» Work instructions:
Go through the records and give each one again exactly.

Data excerpts:

● ● ●

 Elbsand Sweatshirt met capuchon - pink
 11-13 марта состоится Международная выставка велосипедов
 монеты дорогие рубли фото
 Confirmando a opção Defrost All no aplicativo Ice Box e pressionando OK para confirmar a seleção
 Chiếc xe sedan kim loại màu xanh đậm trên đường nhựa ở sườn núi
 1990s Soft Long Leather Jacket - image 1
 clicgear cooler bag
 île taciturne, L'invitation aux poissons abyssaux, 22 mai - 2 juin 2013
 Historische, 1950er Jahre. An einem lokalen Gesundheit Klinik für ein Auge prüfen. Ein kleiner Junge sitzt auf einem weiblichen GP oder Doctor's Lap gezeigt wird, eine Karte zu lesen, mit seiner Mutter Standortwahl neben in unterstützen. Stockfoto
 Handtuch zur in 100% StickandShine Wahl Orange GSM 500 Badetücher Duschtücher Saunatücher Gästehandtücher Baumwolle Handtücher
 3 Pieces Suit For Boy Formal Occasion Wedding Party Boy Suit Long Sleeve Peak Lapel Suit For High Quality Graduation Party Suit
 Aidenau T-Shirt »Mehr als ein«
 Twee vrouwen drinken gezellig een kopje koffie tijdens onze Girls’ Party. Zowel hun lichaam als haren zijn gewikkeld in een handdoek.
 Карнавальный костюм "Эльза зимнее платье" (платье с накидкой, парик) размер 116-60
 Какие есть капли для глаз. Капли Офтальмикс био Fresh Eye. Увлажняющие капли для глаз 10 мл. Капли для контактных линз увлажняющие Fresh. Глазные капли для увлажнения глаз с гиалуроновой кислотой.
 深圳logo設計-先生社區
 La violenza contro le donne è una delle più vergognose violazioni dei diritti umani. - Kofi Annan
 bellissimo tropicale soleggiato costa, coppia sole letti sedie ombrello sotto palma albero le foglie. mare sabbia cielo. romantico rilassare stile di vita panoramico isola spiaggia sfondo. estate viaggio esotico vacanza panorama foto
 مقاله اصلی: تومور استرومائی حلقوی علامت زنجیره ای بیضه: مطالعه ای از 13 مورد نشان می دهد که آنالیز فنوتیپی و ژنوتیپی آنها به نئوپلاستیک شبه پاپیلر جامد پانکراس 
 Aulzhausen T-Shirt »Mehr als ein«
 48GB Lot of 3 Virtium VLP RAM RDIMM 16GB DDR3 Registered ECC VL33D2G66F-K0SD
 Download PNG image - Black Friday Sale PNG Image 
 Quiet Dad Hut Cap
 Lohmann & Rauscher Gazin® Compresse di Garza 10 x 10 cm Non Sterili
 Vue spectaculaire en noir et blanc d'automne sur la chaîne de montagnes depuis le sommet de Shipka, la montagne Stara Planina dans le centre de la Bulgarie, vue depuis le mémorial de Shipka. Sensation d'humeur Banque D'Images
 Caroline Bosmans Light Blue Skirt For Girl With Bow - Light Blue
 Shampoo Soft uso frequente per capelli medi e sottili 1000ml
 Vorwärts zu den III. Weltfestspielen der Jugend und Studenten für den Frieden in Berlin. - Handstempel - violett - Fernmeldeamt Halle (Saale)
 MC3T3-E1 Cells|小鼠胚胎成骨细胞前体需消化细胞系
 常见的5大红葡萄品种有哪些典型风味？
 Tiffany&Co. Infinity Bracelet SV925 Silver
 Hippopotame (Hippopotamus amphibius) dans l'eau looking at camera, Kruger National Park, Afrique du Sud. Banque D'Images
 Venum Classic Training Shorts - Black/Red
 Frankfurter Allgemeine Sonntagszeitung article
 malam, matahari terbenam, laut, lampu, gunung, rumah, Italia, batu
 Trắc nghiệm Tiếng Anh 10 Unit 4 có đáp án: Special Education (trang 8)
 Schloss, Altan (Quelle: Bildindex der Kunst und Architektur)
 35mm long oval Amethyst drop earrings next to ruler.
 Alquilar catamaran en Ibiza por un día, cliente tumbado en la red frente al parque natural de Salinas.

● ● ●

» Finished exercise:
 Elbsand Sweatshirt met capuchon - pink
 11-13 марта состоится Международная выставка велосипедов
 монеты дорогие рубли фото
 Confirmando a opção Defrost All no aplicativo Ice Box e pressionando OK para confirmar a seleção
 Chiếc xe sedan kim loại màu xanh đậm trên đường nhựa ở sườn núi
 1990s Soft Long Leather Jacket - image 1
 clicgear cooler bag
 île taciturne, L'invitation aux poissons abyssaux, 22 mai - 2 juin 2013
 Historische, 1950er Jahre. An einem lokalen Gesundheit Klinik für ein Auge prüfen. Ein kleiner Junge sitzt auf einem weiblichen GP oder Doctor's Lap gezeigt wird, eine Karte zu lesen, mit seiner Mutter Standortwahl neben in unterstützen. Stockfoto
 Handtuch zur in 100% StickandShine Wahl Orange GSM 500 Badetücher Duschtücher Saunatücher Gästehandtücher Baumwolle Handtücher
 3 Pieces Suit For Boy Formal Occasion Wedding Party Boy Suit Long Sleeve Peak Lapel Suit For High Quality Graduation Party Suit
 Aidenau T-Shirt »Mehr als ein«
 Twee vrouwen drinken gezellig een kopje koffie tijdens onze Girls’ Party. Zowel hun lichaam als haren zijn gewikkeld in een handdoek.
 Карнавальный костюм "Эльза зимнее платье" (платье с накидкой, парик) размер 116-60
 Какие есть капли для глаз. Капли Офтальмикс био Fresh Eye. Увлажняющие капли для глаз 10 мл. Капли для контактных линз увлажняющие Fresh. Глазные капли для увлажнения глаз с гиалуроновой кислотой.
 深圳logo設計-先生社區
 La violenza contro le donne è una delle più vergognose violazioni dei diritti umani. - Kofi Annan
 bellissimo tropicale soleggiato costa, coppia sole letti sedie ombrello sotto palma albero le foglie. mare sabbia cielo. romantico rilassare stile di vita panoramico isola spiaggia sfondo. estate viaggio esotico vacanza panorama foto
 مقاله اصلی: تومور استرومائی حلقوی علامت زنجیره ای بیضه: مطالعه ای از 13 مورد نشان می دهد که آنالیز فنوتیپی و ژنوتیپی آنها به نئوپلاستیک شبه پاپیلر جامد پانکراس 
 Aulzhausen T-Shirt »Mehr als ein«
 48GB Lot of 3 Virtium VLP RAM RDIMM 16GB DDR3 Registered ECC VL33D2G66F-K0SD
 Download PNG image - Black Friday Sale PNG Image 
 Quiet Dad Hut Cap
 Lohmann & Rauscher Gazin® Compresse di Garza 10 x 10 cm Non Sterili
 Vue spectaculaire en noir et blanc d'automne sur la chaîne de montagnes depuis le sommet de Shipka, la montagne Stara Planina dans le centre de la Bulgarie, vue depuis le mémorial de Shipka. Sensation d'humeur Banque D'Images
 Caroline Bosmans Light Blue Skirt For Girl With Bow - Light Blue
 Shampoo Soft uso frequente per capelli medi e sottili 1000ml
 Vorwärts zu den III. Weltfestspielen der Jugend und Studenten für den Frieden in Berlin. - Handstempel - violett - Fernmeldeamt Halle (Saale)
 MC3T3-E1 Cells|小鼠胚胎成骨细胞前体需消化细胞系
 常见的5大红葡萄品种有哪些典型风味？
 Tiffany&Co. Infinity Bracelet SV925 Silver
 Hippopotame (Hippopotamus amphibius) dans l'eau looking at camera, Kruger National Park, Afrique du Sud. Banque D'Images
 Venum Classic Training Shorts - Black/Red
 Frankfurter Allgemeine Sonntagszeitung article
 malam, matahari terbenam, laut, lampu, gunung, rumah, Italia, batu
 Trắc nghiệm Tiếng Anh 10 Unit 4 có đáp án: Special Education (trang 8)
 Schloss, Altan (Quelle: Bildindex der Kunst und Architektur)
 35mm long oval Amethyst drop earrings next to ruler.
 Alquilar catamaran en Ibiza por un día, cliente tumbado en la red frente al parque natural de Salinas.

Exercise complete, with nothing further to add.